Ransomware is not new. Our Sarah Campbell-Miller first wrote about it as a threat to businesses in Arkansas in mid-2016 — and Augusta health care provider ARCare and the Carroll County Sheriff’s Office fell victim to it later that year.
Five years is a long time in the field of cybersecurity. Back then, an aspiring cybercriminal could buy the malware online and deploy it against small, unsophisticated organizations with weak networks. The ransom demanded was typically small — Carroll County shelled out $2,400, which was more than most — which made paying the ransom a fairly easy response. (ARCare stiffed its hackers, having made adequate preparation for a data loss.)
DarkSide, REvil and their ilk started hitting vastly larger organizations and threatening vital infrastructure. DarkSide posted an apology online for the “social consequences” of its hit on Colonial Pipeline and promised to “introduce moderation” in targeting future crime victims. Color me skeptical — especially if it turns out that DarkSide is responsible for this month’s holdup of JBS SA. The giant Brazilian meat packing company paid $11 million in ransom.
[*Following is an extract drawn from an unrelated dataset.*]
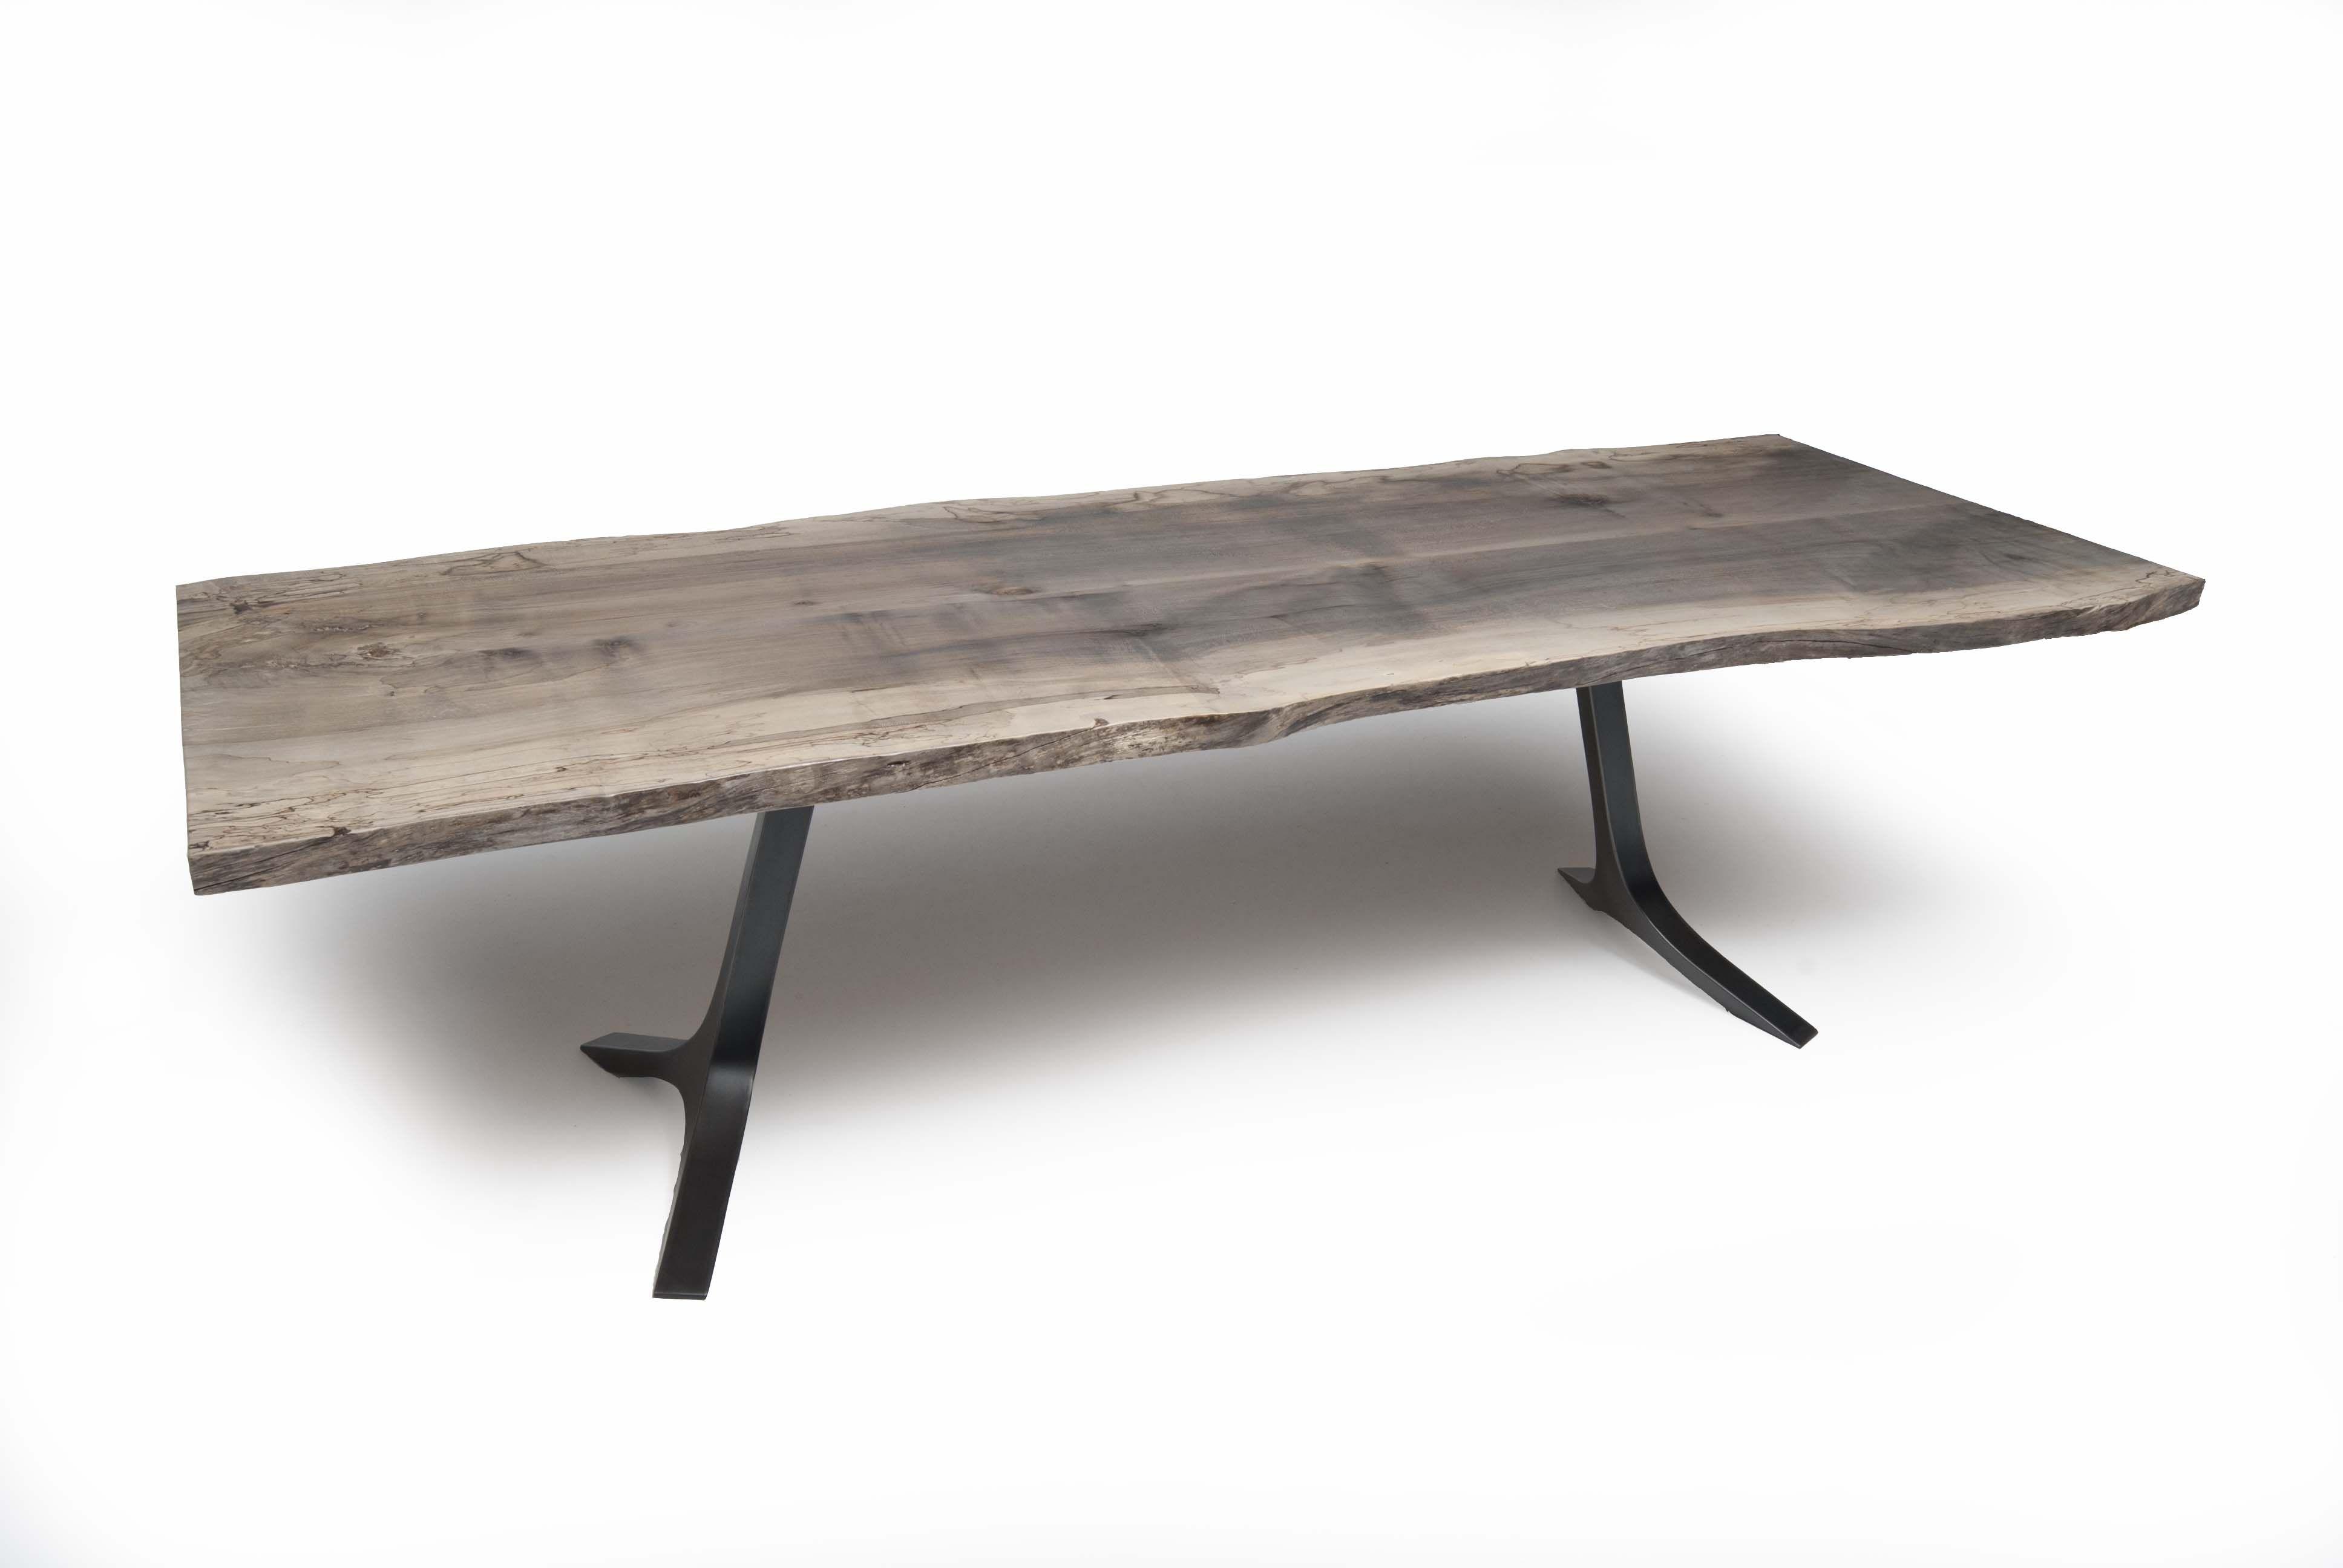 Oxidized Maple Slab Table

Ramping up the reward also ramped up the risk. Remember the words of criminal mastermind Hans Gruber in “Die Hard”: “Well, when you steal $600, you can just disappear. But when you steal $600 million, they will find you, unless they think you’re already dead.” While DarkSide stole only $4.4 million from Colonial directly, that was a pittance compared with the cost to the American economy in just a few frantic days. And while the DOJ hasn’t captured the criminals, it made the crime far less lucrative.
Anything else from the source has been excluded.